Three of the forms of behavior—name-calling (the most common, at 42%), rumor-spreading (32%) and physical threats (16%)—don’t require digital media or devices for delivery and aren’t even technically bullying, though they can certainly be used in bullying.
A fourth, a form of stalking (21% said they’d experienced constantly being asked where they are, what they’re doing, etc., by someone other than a parent), has also been going on for eons, but can be even more constant and extreme with mobile phones involved. It can also be a form of dating abuse.
The final two on the list are forms of what popular culture calls “sexting”: receiving unsolicited explicit images (25%) or having explicit images of oneself shared without one’s consent (7%). Both can be forms of bullying, but not necessarily; and both, especially the latter, are often sexual harassment, and—the better to protect themselves—young people need to understand this digital form of sexual harassment as such.

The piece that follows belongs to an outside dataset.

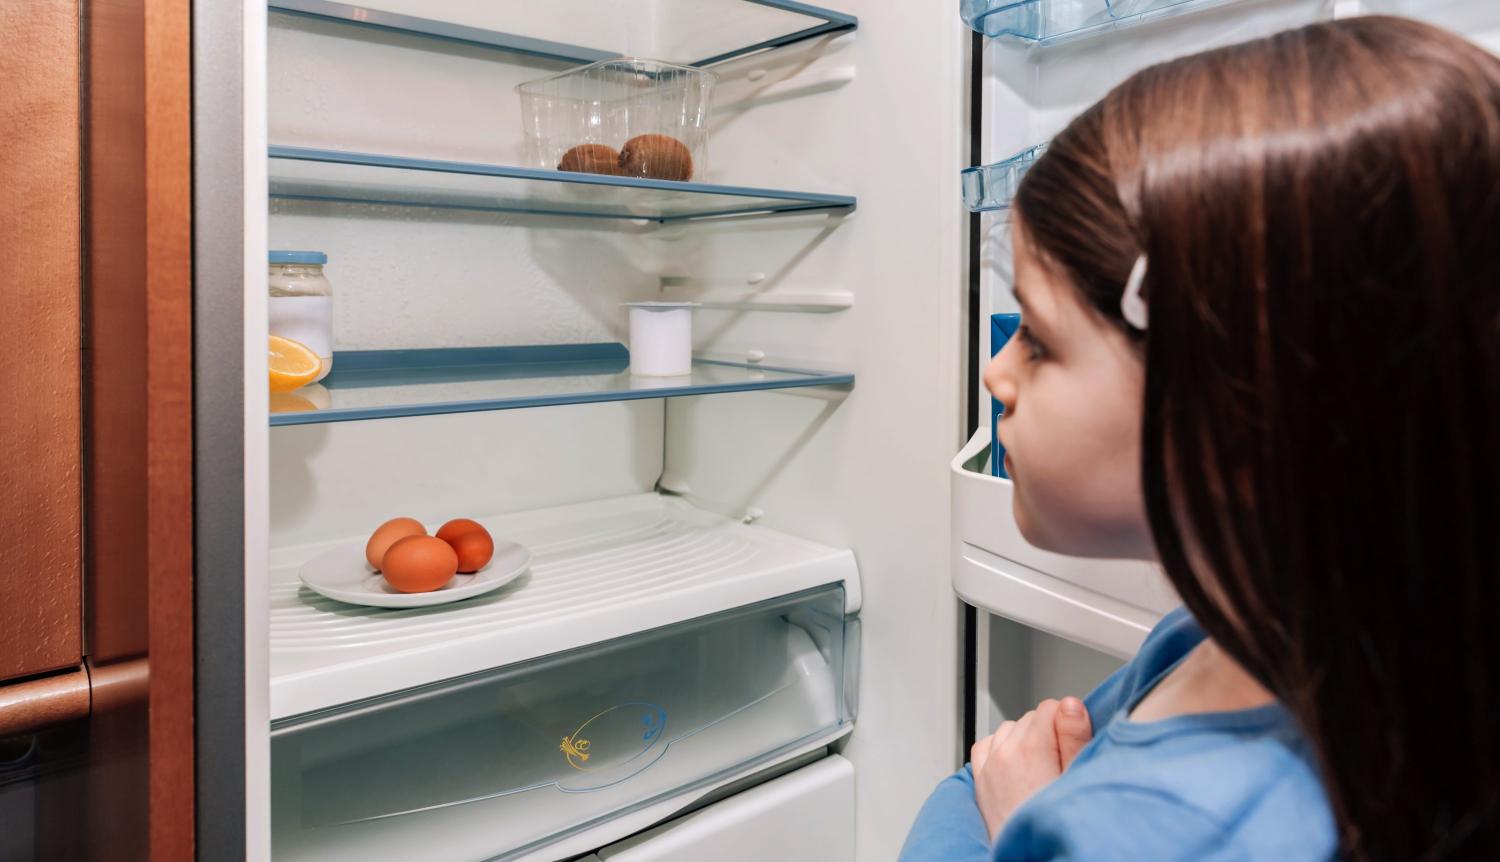 Girl looks into almost empty fridge

What cyberbullying is and why that matters
So when can any of these actually be cyberbullying? When they’re inflicted on someone repeatedly (which usually means intentionally) using digital tools or media. So the name-calling, rumor-spreading, etc. would need to be repeated and aimed, usually aggressively, at one person. Traditional definitions of bullying usually also refer to “a power imbalance,” whether physical, emotional or social, but that’s pretty well implied by the repeated aggression, right? If one person isn’t being victimized in a one-sided way, we’re usually talking about plain-old conflict, not bullying. Here’s the latest information on that from the Cyberbullying Research Center and the National Research Council.
Why does any of this matter? Well, because 59% of US teens is a lot, and this is a highly credible research organization with solid methodology. So it’s good to know what we’re talking about, here—so that we know that cyberbullying has not in fact gotten much worse—a conclusion that people who see that figure in the same headline with “cyberbullying” could easily reach. We don’t need to believe the worst about a teen’s experiences or behavior. And of course, it’s good to remember that people under 18 aren’t the only ones who experience or engage in any of these behaviors!

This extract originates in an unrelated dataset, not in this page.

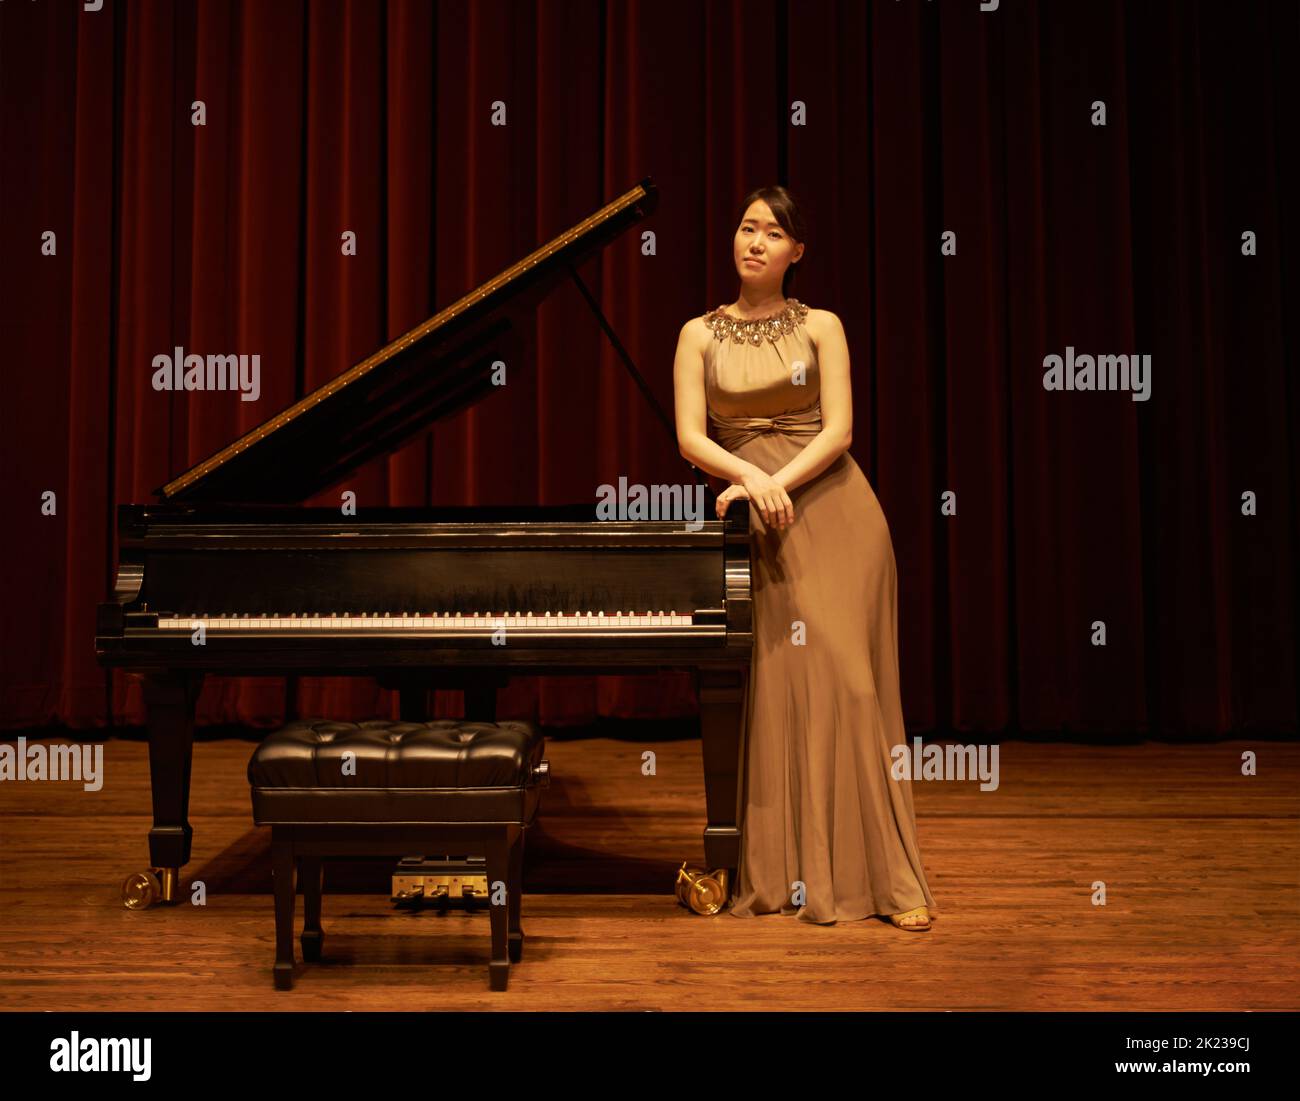 Eröffnungsabend. Eine junge Frau, die am Ende eines Musikkonzerts an ihrem Klavier steht. Stockfoto

The latest figure for how many US teens have ever experienced cyberbullying is 33.8%, and that’s from a huge representative sample of 5,700 US teens surveyed by the Cyberbullying Research Center.
Zooming in on name-calling
It’s important to note that offensive name-calling is the most common form of online harassment that Pew’s respondents experienced. In her work, prominent bullying researcher Dorothy Espelage at the University of Florida has found that addressing content or behavior in social media doesn’t reduce cyberbullying nearly as much as addressing bullying, homophobic name-calling and gender-based harassment. She has also said that homophobic name-calling in upper-elementary and middle school grades predicts sexual harassment in high school, and dating violence at colleges and universities.
Who’s helping & how’re they doing?
Check out the study to see what Pew heard teens say about how well parents, politicians, police, teachers and bystanders are doing in alleviating cyberbullying. Of all those groups, parents were, at 59%, doing an “excellent/good job.”